[SPARK-32715][CORE] Fix memory leak when failed to store pieces of broadcast #29558

LantaoJin · 2020-08-27T12:31:26Z

What changes were proposed in this pull request?

In TorrentBroadcast.scala

L133: if (!blockManager.putSingle(broadcastId, value, MEMORY_AND_DISK, tellMaster = false))
L137: TorrentBroadcast.blockifyObject(value, blockSize, SparkEnv.get.serializer, compressionCodec)
L147: if (!blockManager.putBytes(pieceId, bytes, MEMORY_AND_DISK_SER, tellMaster = true))

After the original value is saved successfully(TorrentBroadcast.scala: L133), but the following blockifyObject()(L137) or store piece(L147) steps are failed. There is no opportunity to release broadcast from memory.

This patch is to remove all pieces of the broadcast when failed to blockify or failed to store some pieces of a broadcast.

Why are the changes needed?

We use Spark thrift-server as a long-running service. A bad query submitted a heavy BroadcastNestLoopJoin operation and made driver full GC. We killed the bad query but we found the driver's memory usage was still high and full GCs were still frequent. By investigating with GC dump and log, we found the broadcast may memory leak.

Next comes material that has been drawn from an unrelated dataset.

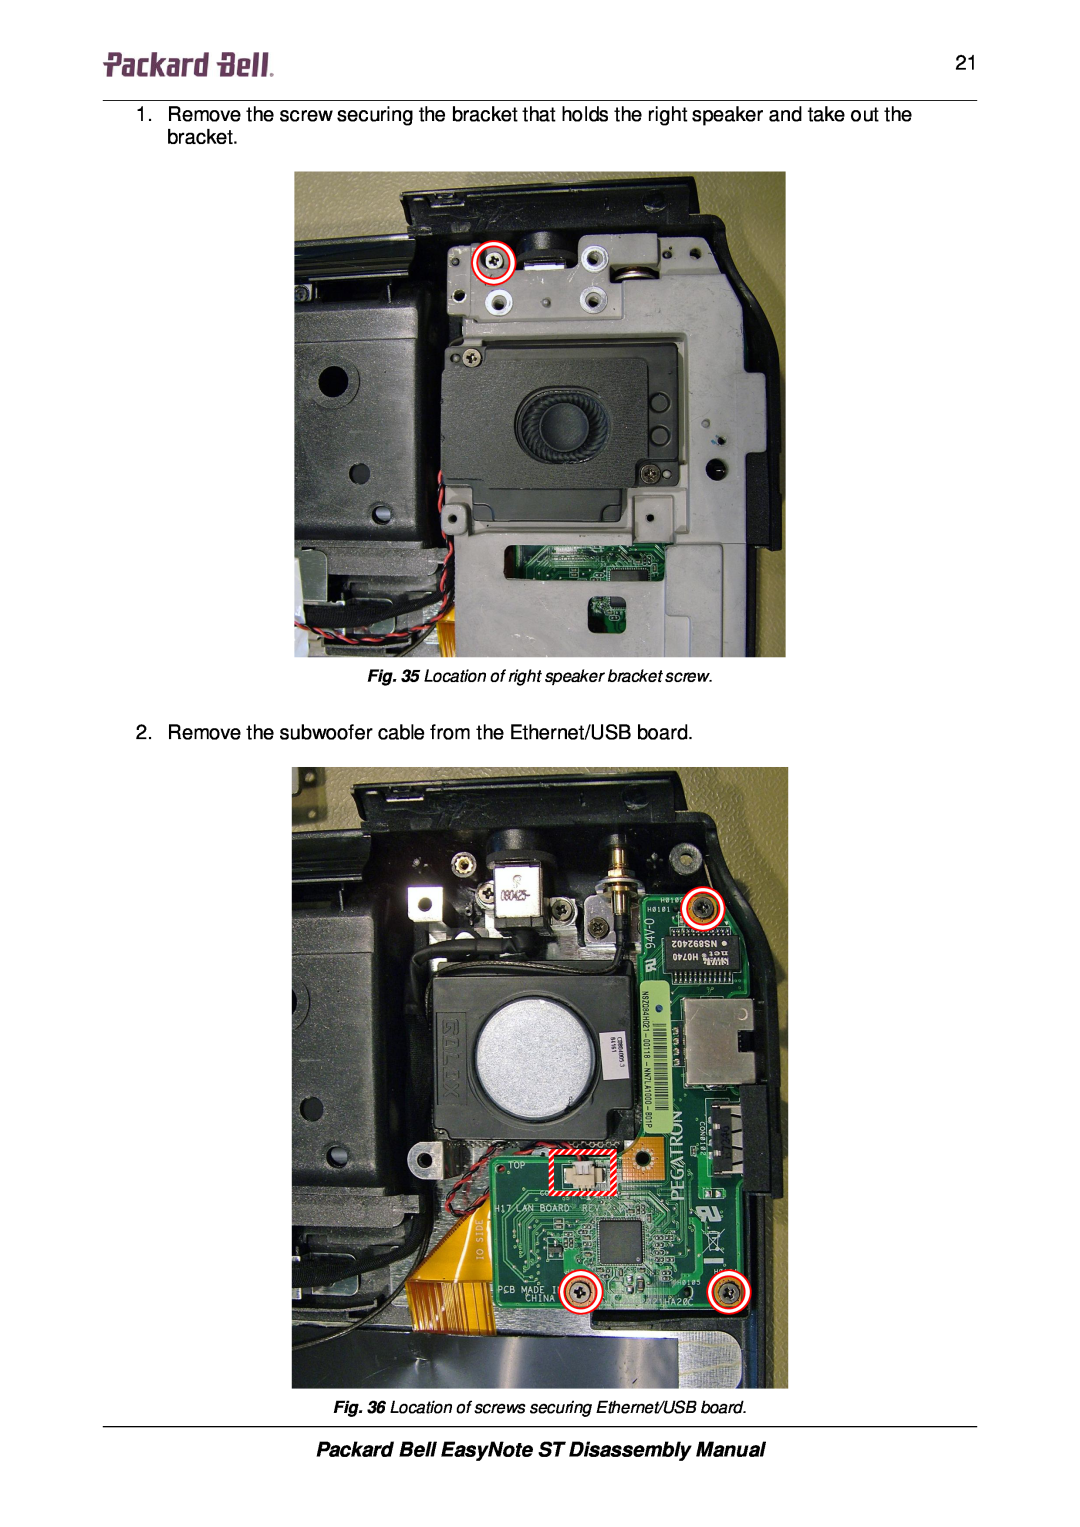 Packard Bell ST manual 2121212121, Remove the subwoofer cable from the Ethernet/USB board

2020-08-19T18:54:02.824-0700: [Full GC (Allocation Failure)
2020-08-19T18:54:02.824-0700: [Class Histogram (before full gc):
116G->112G(170G), 184.9121920 secs]
[Eden: 32.0M(7616.0M)->0.0B(8704.0M) Survivors: 1088.0M->0.0B Heap: 116.4G(170.0G)->112.9G(170.0G)], [Metaspace: 177285K->177270K(182272K)]
1: 676531691 72035438432 [B
2: 676502528 32472121344 org.apache.spark.sql.catalyst.expressions.UnsafeRow
3: 99551 12018117568 [Ljava.lang.Object;
4: 26570 4349629040 [I
5: 6 3264536688 [Lorg.apache.spark.sql.catalyst.InternalRow;
6: 1708819 256299456 [C
7: 2338 179615208 [J
8: 1703669 54517408 java.lang.String
9: 103860 34896960 org.apache.spark.status.TaskDataWrapper
10: 177396 25545024 java.net.URI
...

Does this PR introduce any user-facing change?

No

How was this patch tested?

Manually test. This UT is hard to write and the patch is straightforward.

…oadcast

Ngone51 · 2020-08-27T13:24:06Z

Why the application doesn't fail when the exception raised in TorrentBroadcast.writeBlocks()? Is it because of the thrift-server?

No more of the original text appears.